[[ Listed entries, beginning ]]
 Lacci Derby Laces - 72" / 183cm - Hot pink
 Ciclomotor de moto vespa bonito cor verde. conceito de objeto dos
[[ Listed entries, end ]]
[[ Listed entries, beginning ]]
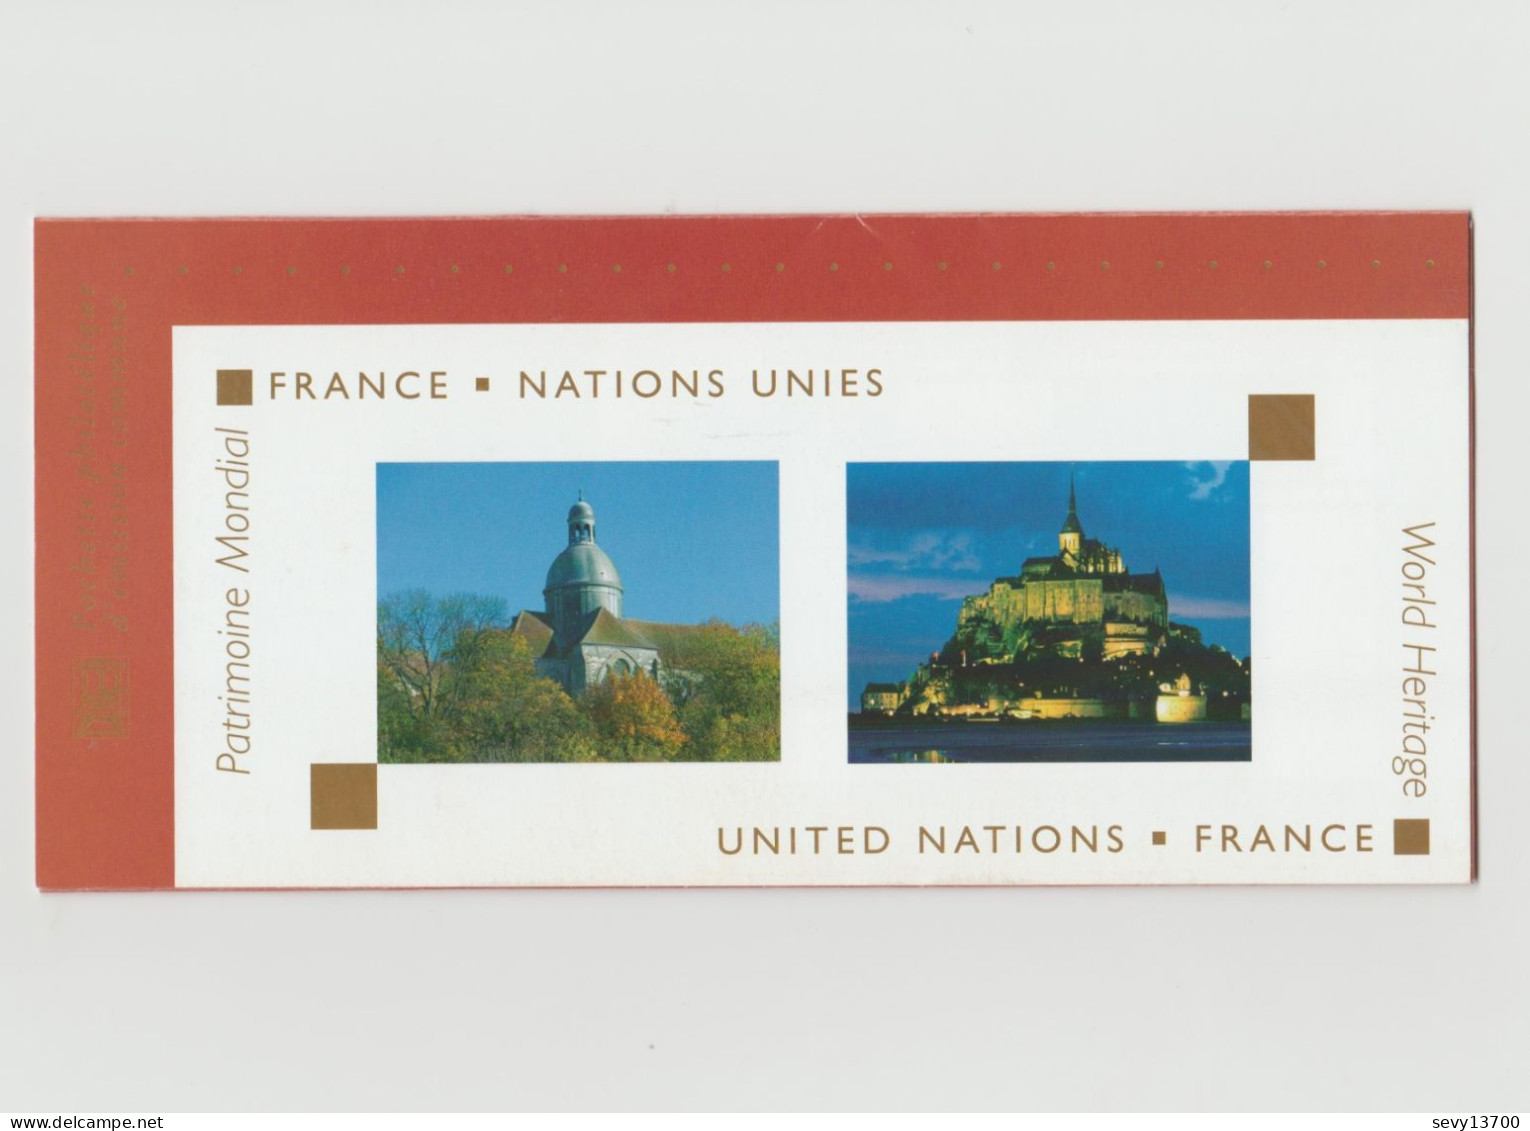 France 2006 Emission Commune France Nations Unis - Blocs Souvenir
[[ Listed entries, end ]]
[[ Listed entries, beginning ]]
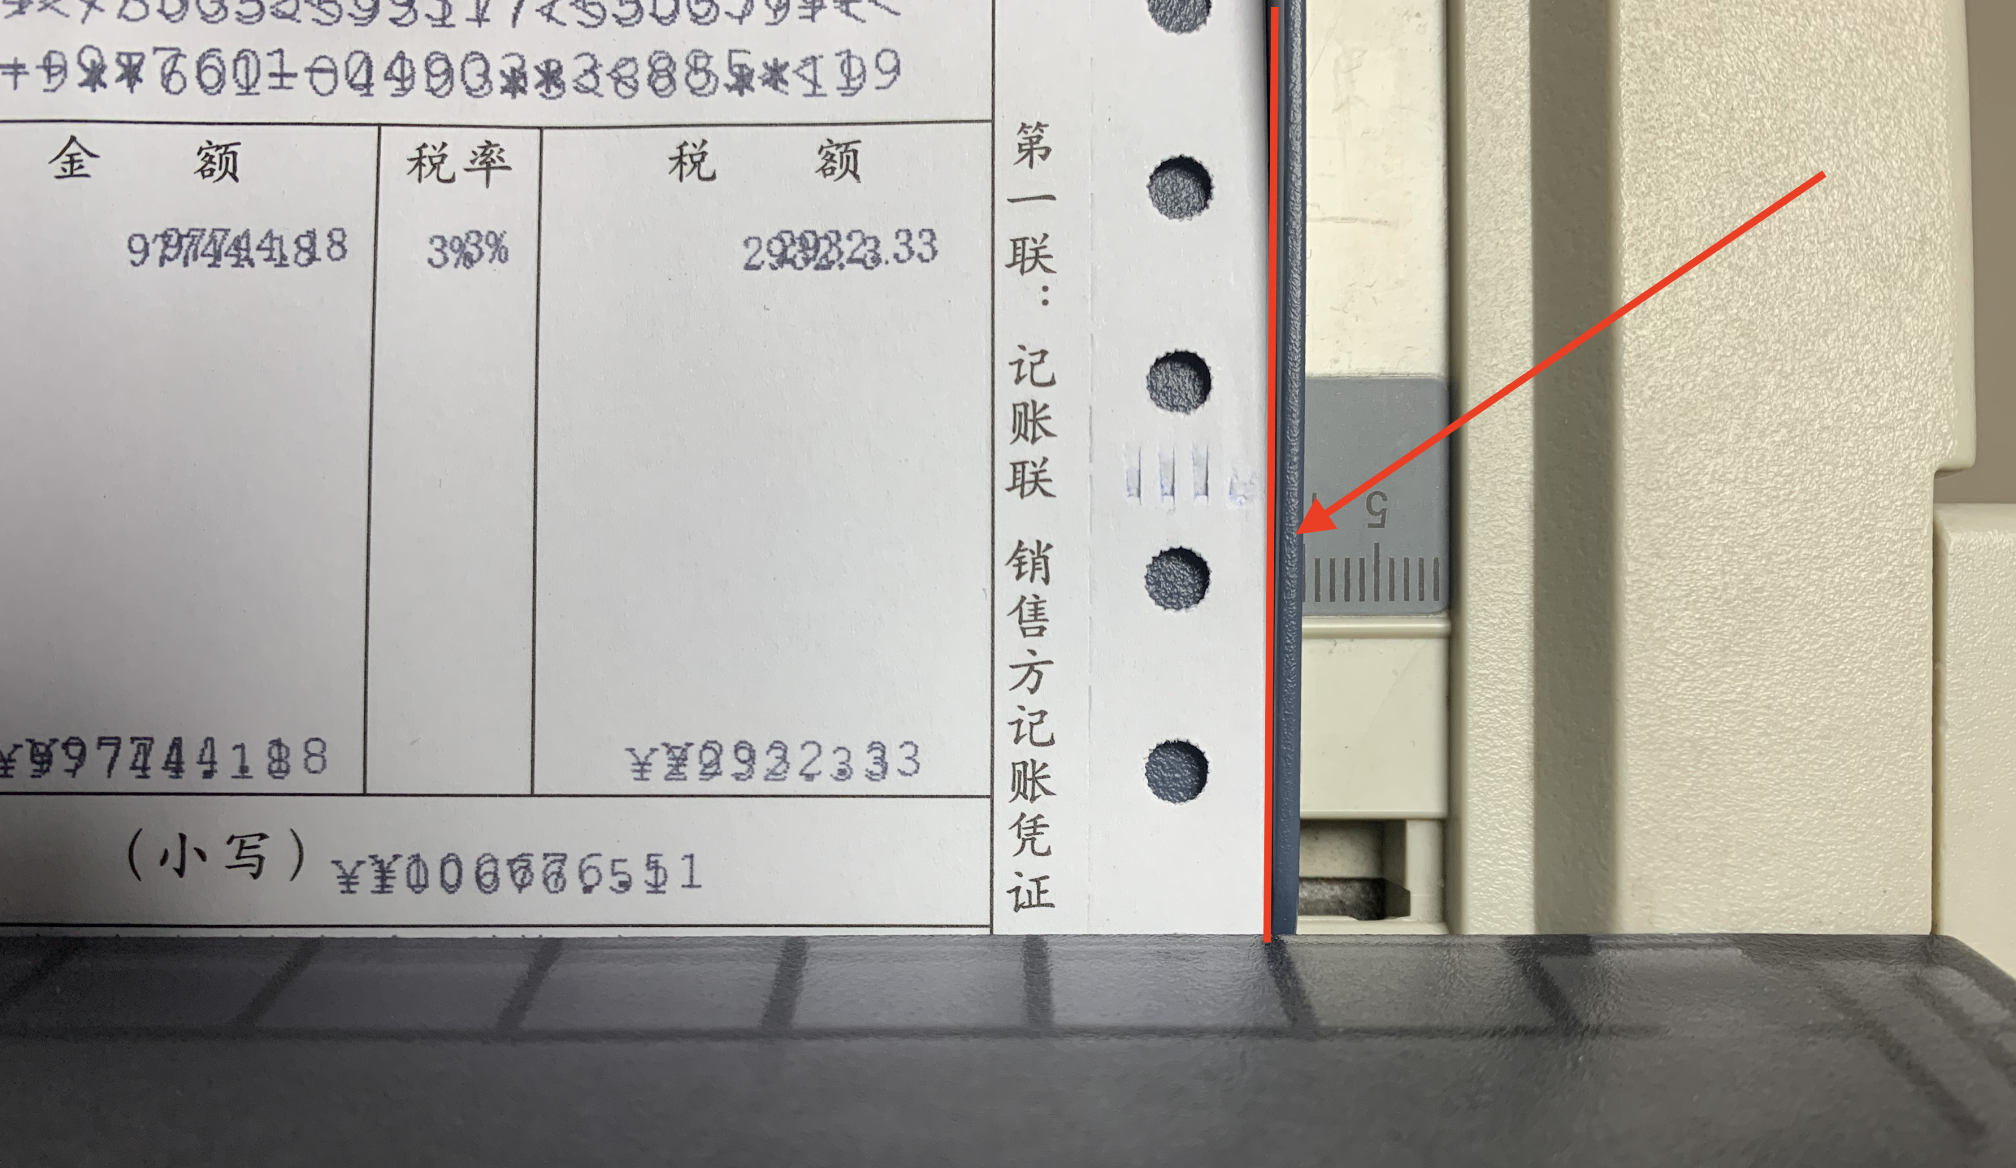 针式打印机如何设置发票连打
[[ Listed entries, end ]]
◆ What you have to do
Search the listing above for the lines with "Lacci Derby Laces" and "Ciclomotor de moto", then output those lines and all lines between them exactly.

◆ Your response
 Lacci Derby Laces - 72" / 183cm - Hot pink
 Ciclomotor de moto vespa bonito cor verde. conceito de objeto dos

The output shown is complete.